Извиняясь, Шутов смотрел на нее тем же пустым, скучным взглядом, как и тогда, когда объяснялся ей в любви, и только потом, возвращаясь на свое место, посмотрел на Клима с такой безудержной, такой торжествующей ненавистью, что тот почувствовал: война объявлена!..

16

Война была объявлена — и Клим снова почувствовал себя комсоргом, как в тот еще недавний день, когда он бросил свой класс в бой на Собачий бугор. Война была объявлена — война той темной, смутной силе, глухое сопротивление которой он испытывал постоянно и которая — так теперь казалось ему — сконцентрировалась в гнусной фигуре Шутова. Он или Шутов — третьего не дано!

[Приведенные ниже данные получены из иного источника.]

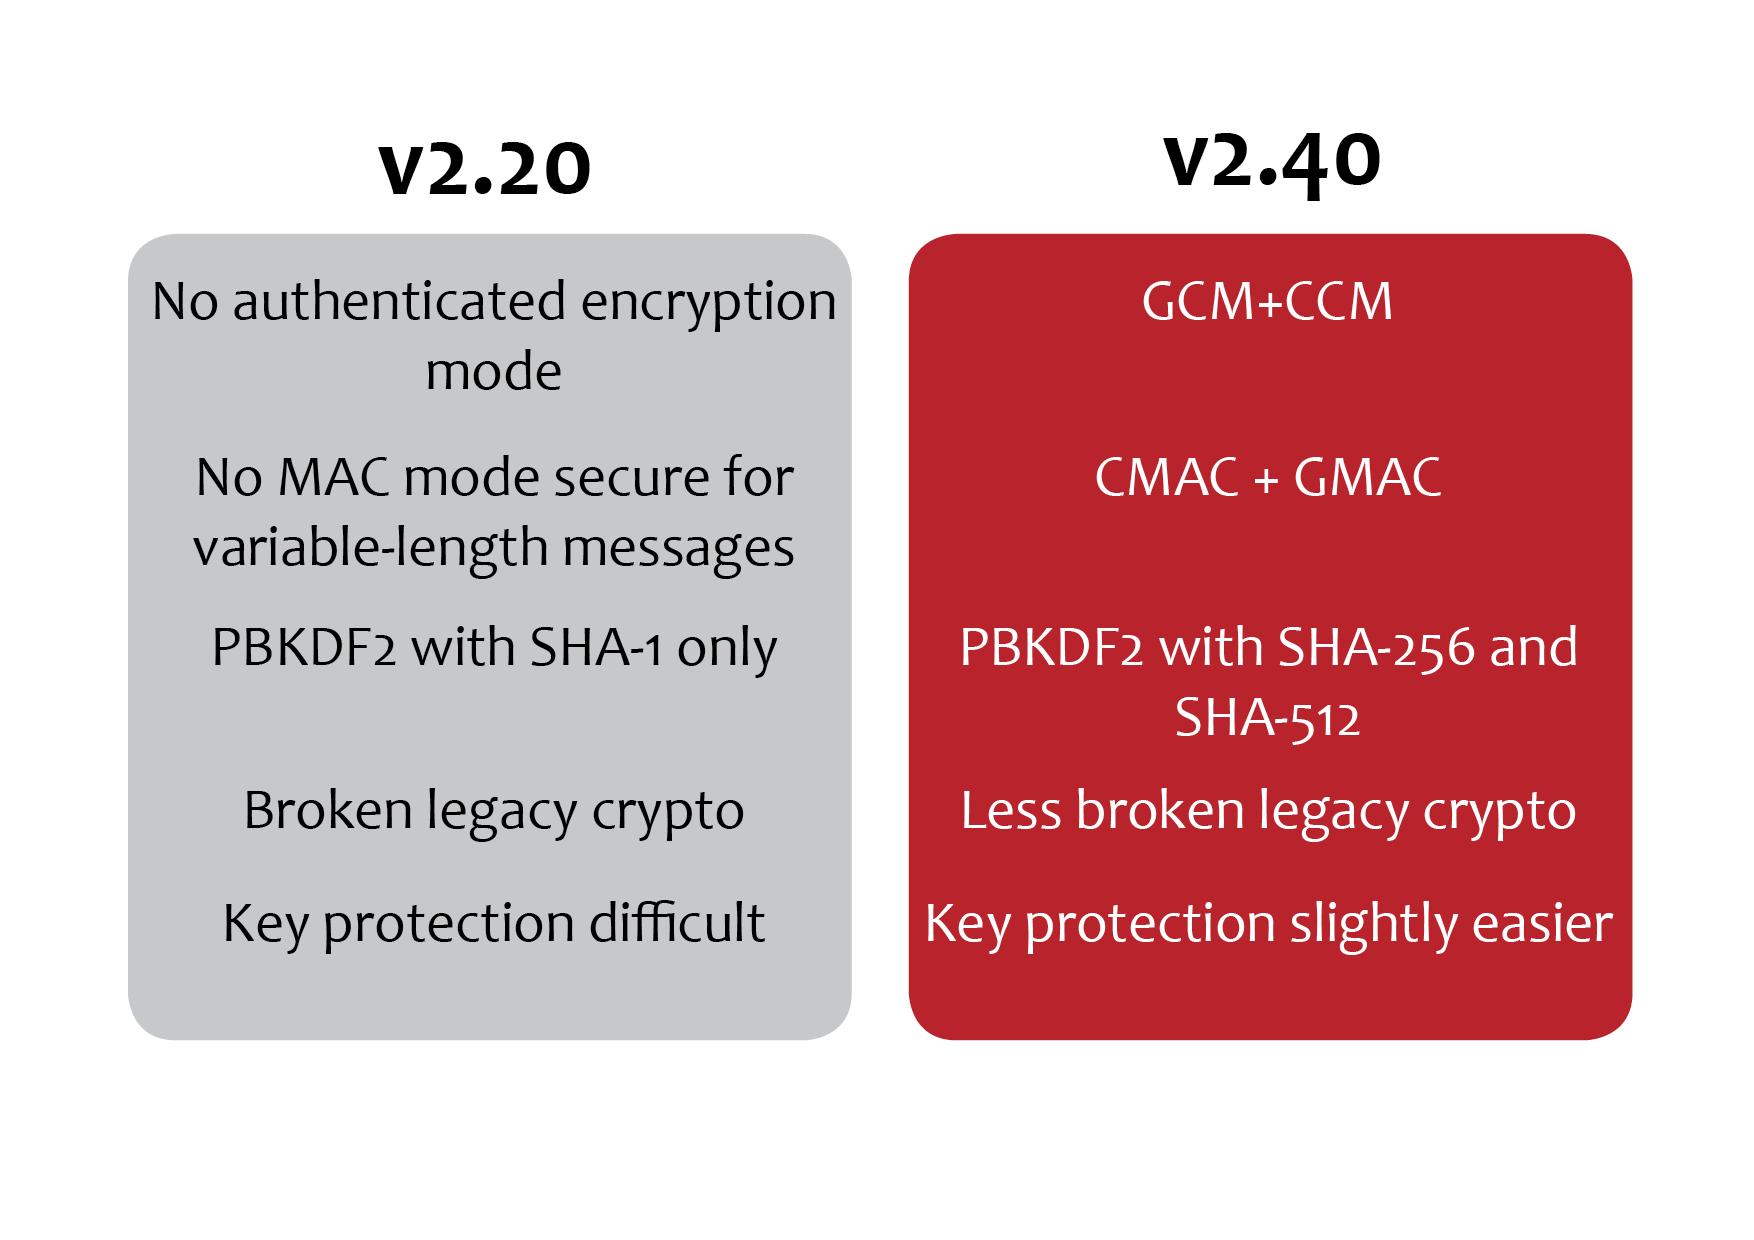 Comparing v2.40 to v2.20

Может быть, что-то насчет истории на немецком все-таки просочилось в учительскую, а может быть, просто оттого, что дела в десятом обстояли из рук вон плохо, Леонид Митрофанович устроил классное собрание и говорил долго, по пунктам, обо всех вместе и о каждом в отдельности, и было тоскливо слушать его строгую, безупречно логичную речь, полную свистящих и щипящих.

Решение пришло неожиданно и сразу же отлилось в форму четких лозунгов. И конечно же, в них было кое-что слишком... Но без такого «слишком» они мгновенно поблекли бы и превратились в нудные школьные прописи.

— Ни одной двойки, ни одной шпаргалки, ни одного замечания на уроках!..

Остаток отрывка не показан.